A ramble through domestic history in the 20th Century
Probably more than any other era in the 1940s we have a big divide between the illustrated ideal kitchens and what people really had. For the first five years of the decade the Second World War meant that not only were new kitchens unlikely – there wasn’t even much of an opportunity to fantasise. However, once the war ended there was plenty of good advice out there for anyone planning a new home – or just hoping they might get one. The rush to build decent homes lead to lots of experimentation in pre-fabricated materials for building houses – which extended into the prefabrication of kitchen units as part of the build of the house – particularly seen in the classic post-war prefab. For the majority of people the 1940s kitchen would have been identical to what they had in the 1930s – at best. As with so much at this time design ideals were moving on, but the British people would have to wait until the 1950s to start seeing the new styles and designs in their homes. Along with ideas about efficiency and kitchen design comes new ideas in home layouts and at this time you start to see kitchens growing and increasingly the “dining kitchen” is a recommended feature in new-builds.

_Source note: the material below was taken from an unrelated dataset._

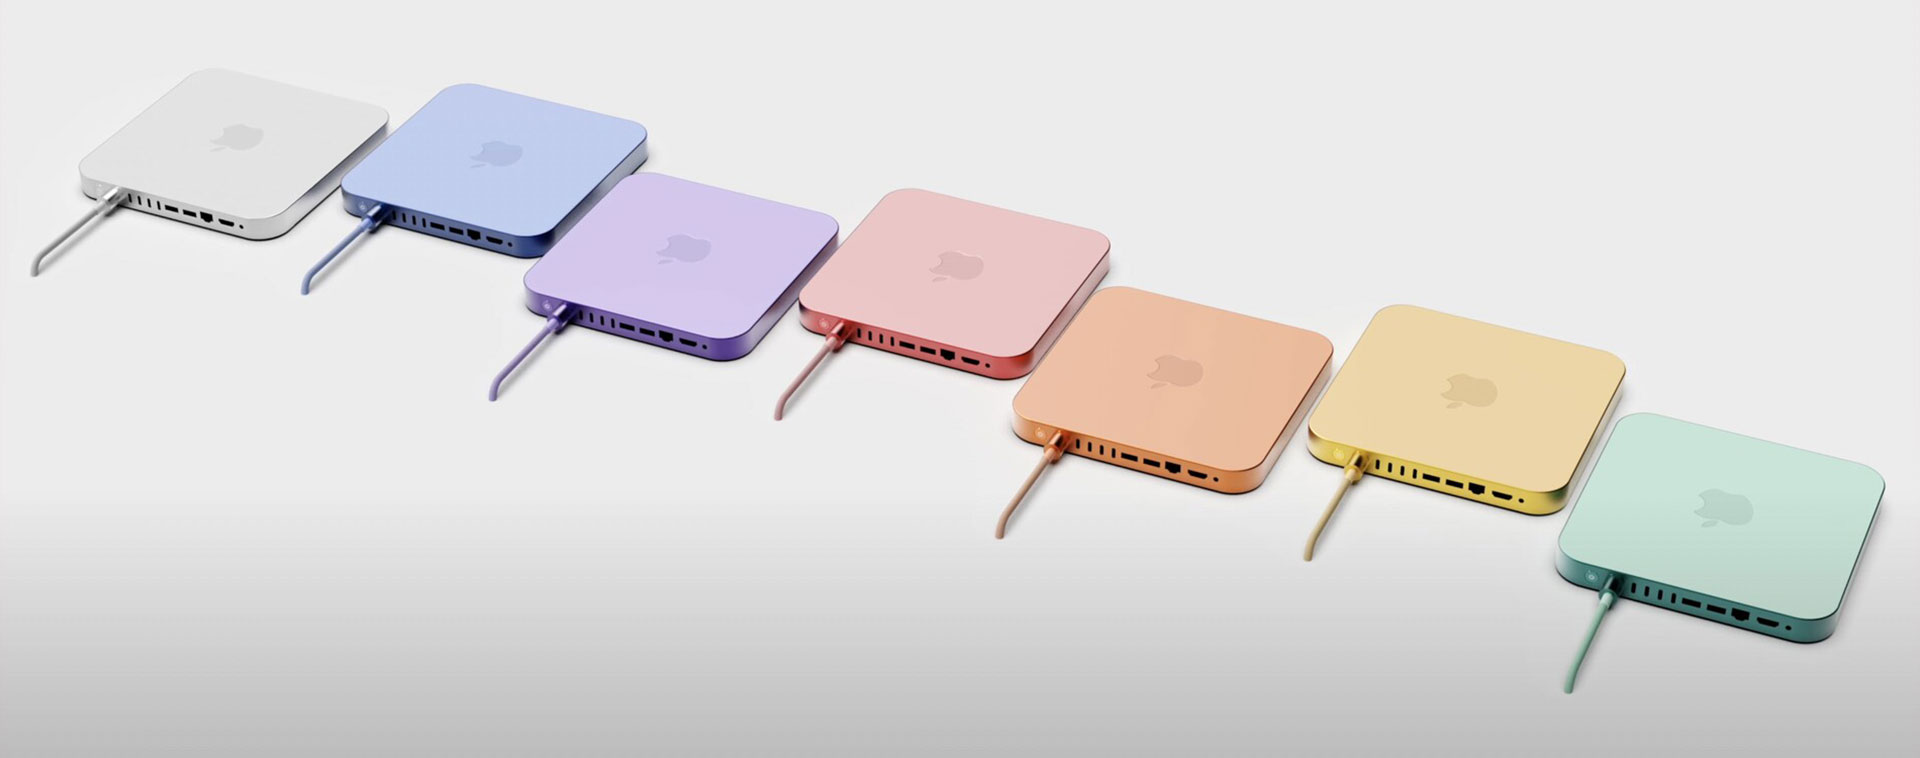 نمایش مفهومی Apple Mac mini 2022 در رنگ های مختلف

The colours and design of the kitchen increasingly matters. With the increase in attention to the look of the kitchen you increasingly see tiled, glass, plastic or enamel splashbacks rather than utilitarian unplastered walls.
Utility furniture for a kitchen – note the style of the room is basic, pretty old-fashioned and unfitted. Utility furniture couldn’t spare materials for fitted details.
Described as a “popular and widely discussed plan for a post-war kitchen”. This image is about the illustration of ideas that could be introduced in a new modern world and so includes such treats as a refrigerator, a gas cooker with hotplates “raised to a convenient height” and a folding wringer near the stainless steel sink with wash boiler unit.
A more country house style, harking back to the traditional designs of furniture, while still moving towards fitted units.
A Feature page from The Small House Of Today And Tomorrow showing three electric kitchens. The comments at the side show how these recommended kitchens are as much about the recommended efficient modern layouts as about the electrical gadgets themselves.
From Modern Homes Illustrated. It’s noted that “however good the modern equipment may be, unless it is placed in the room to allow easy working, and a minimum of running about, a part of its usefulness is destroyed and there is the danger of over-equipping the kitchen.” You have been warned.
Furniture advert showing enamel topped tables, units etc which combine into an easily cleaned, practical kitchen.
Gas advert showing how new-style built-in units can even be used in “restricted spaces and old-fashioned conversions.”
Another picture from Modern Homes Illustrated showing the new ideas about combined dining kitchens. Pre-existing houses did not have the space and layouts for this type of thing, but as we moved into the 50s there were more houses being built with this kind of design in mind.